§ Exercise goal:
Print the whole listing exactly as it appears, but skip the pictures.

§ Available data:
* * * *

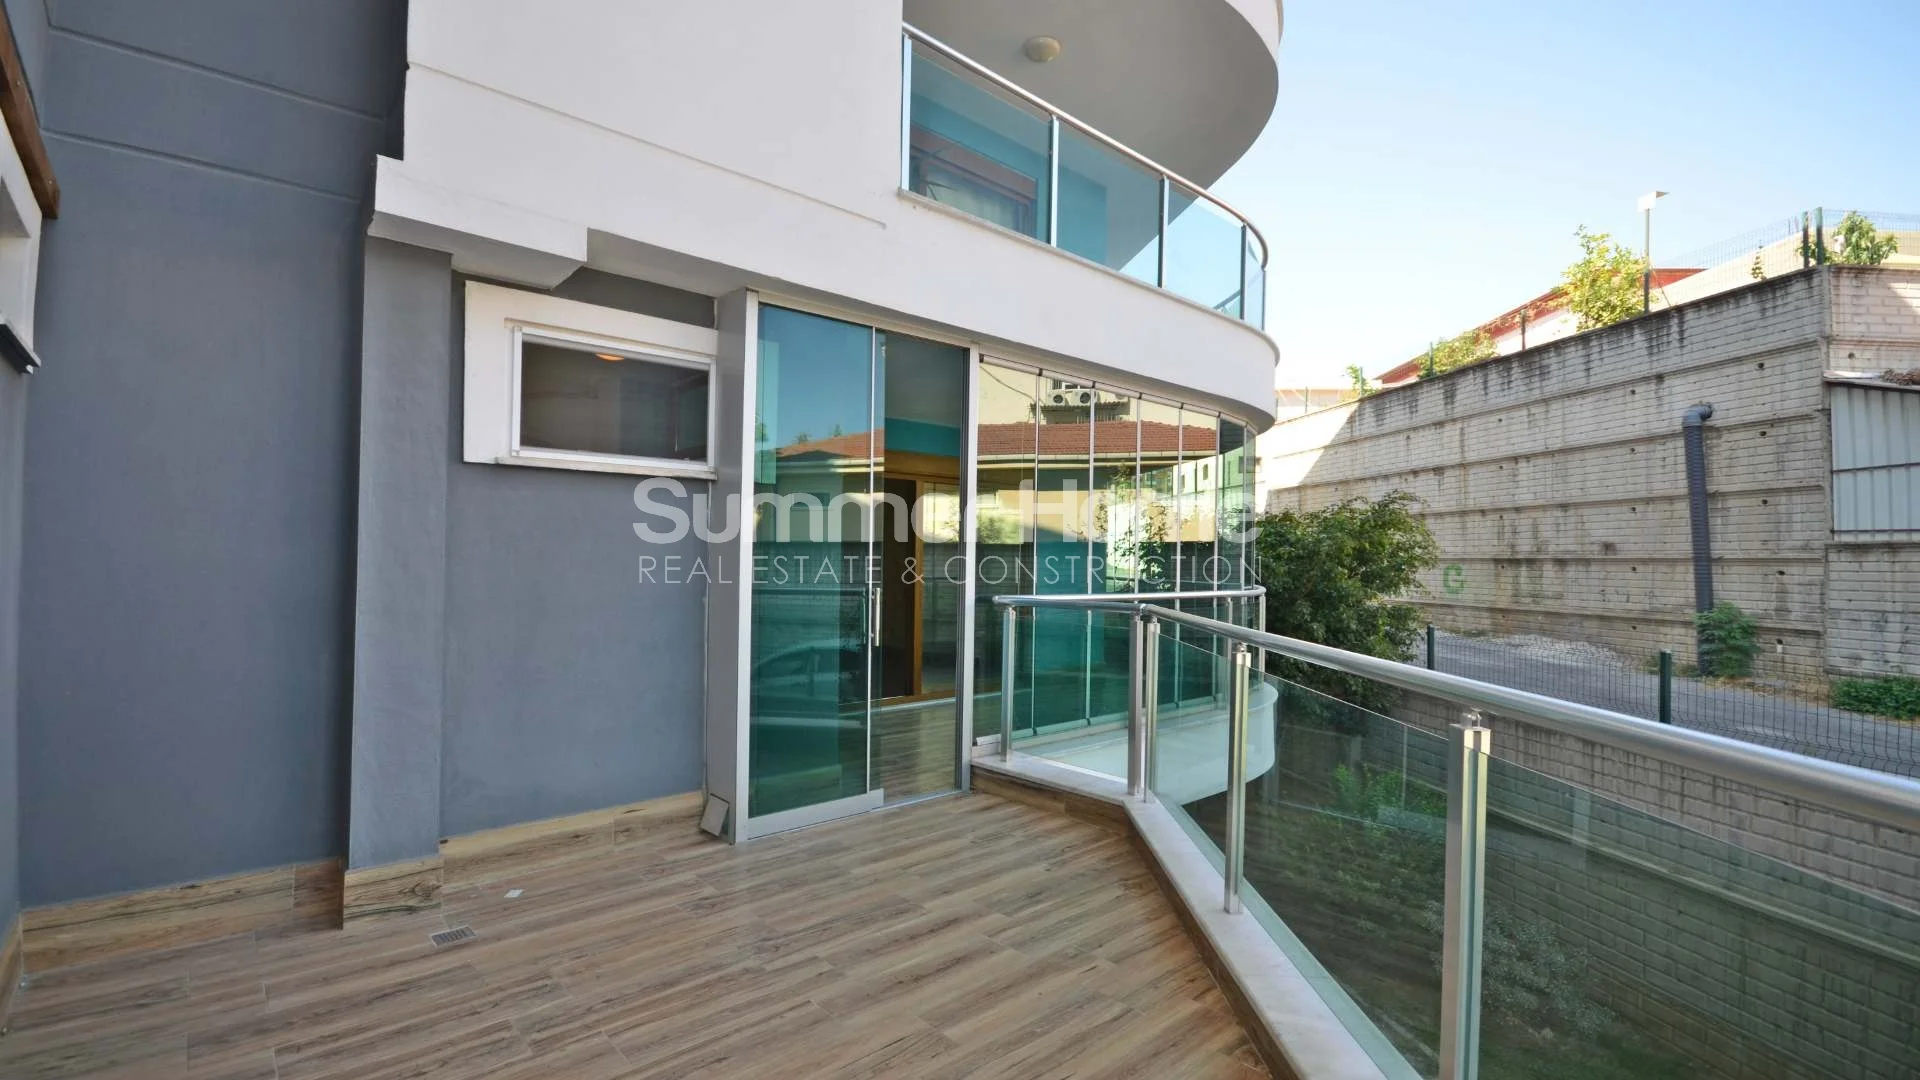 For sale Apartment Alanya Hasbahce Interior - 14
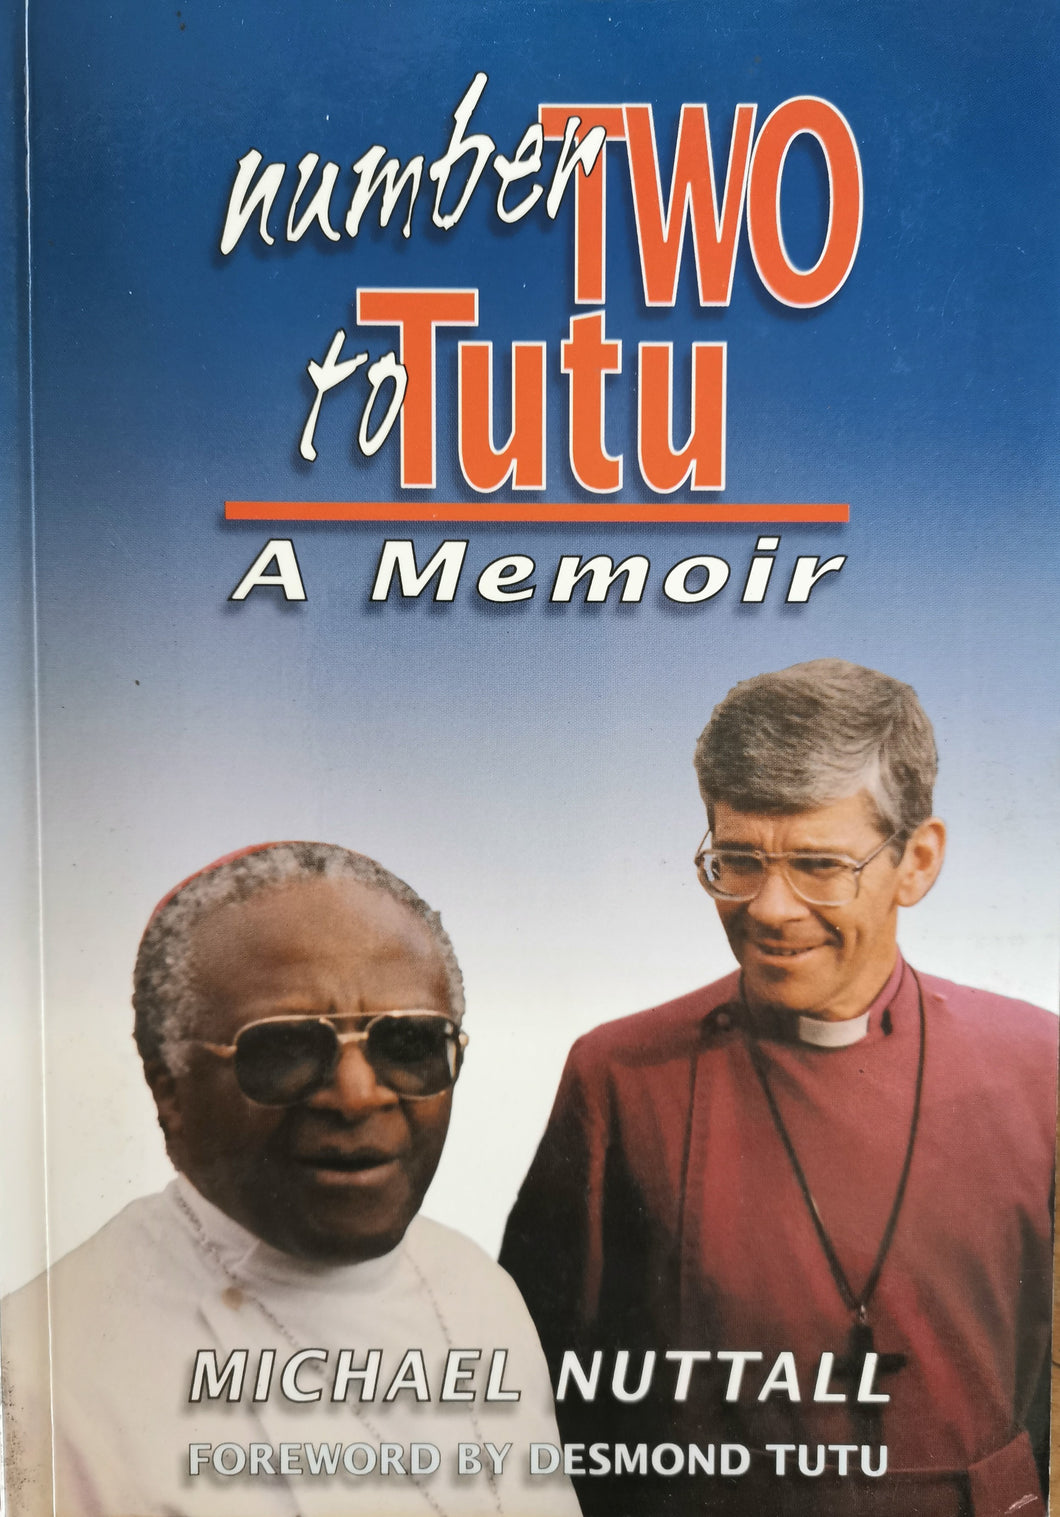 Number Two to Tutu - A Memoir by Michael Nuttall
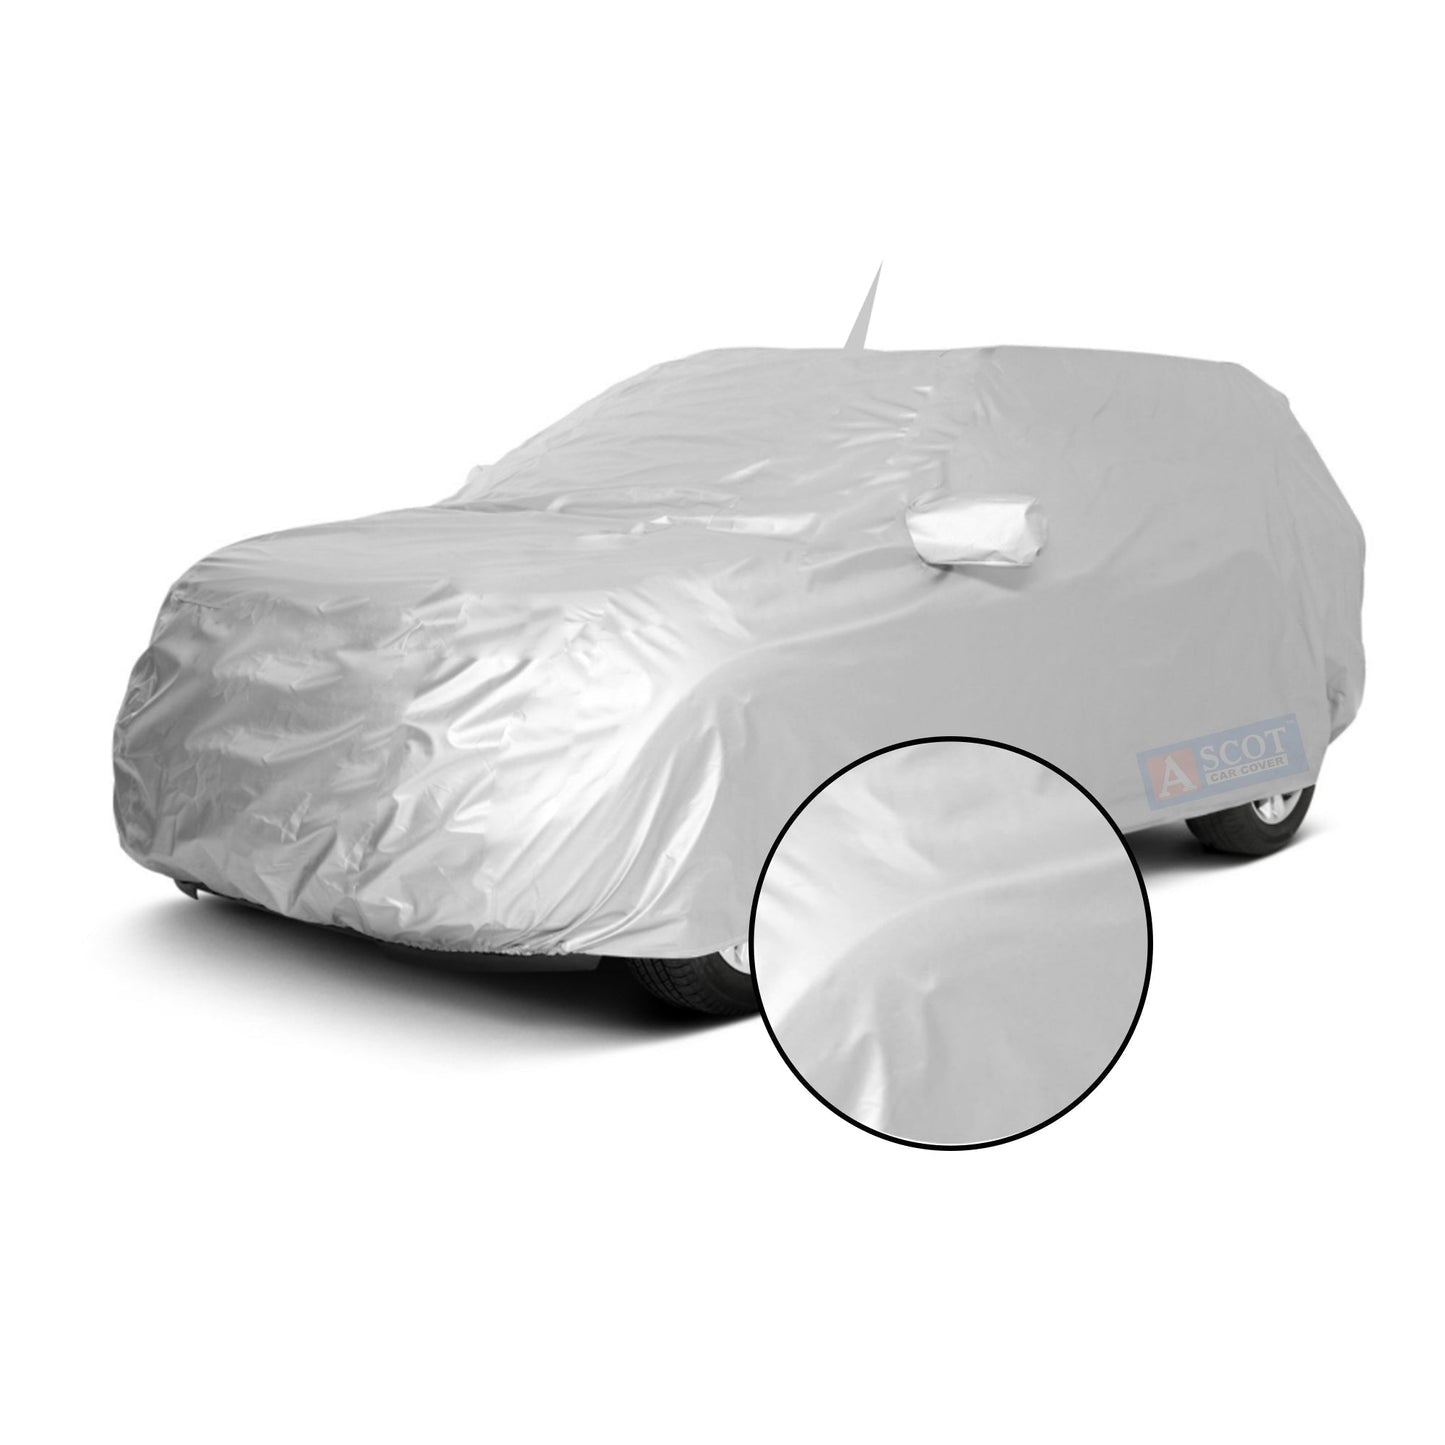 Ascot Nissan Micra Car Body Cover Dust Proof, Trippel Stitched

* * * *

§ Output for this task:
 For sale Apartment Alanya Hasbahce Interior - 14
 Number Two to Tutu - A Memoir by Michael Nuttall
 Ascot Nissan Micra Car Body Cover Dust Proof, Trippel Stitched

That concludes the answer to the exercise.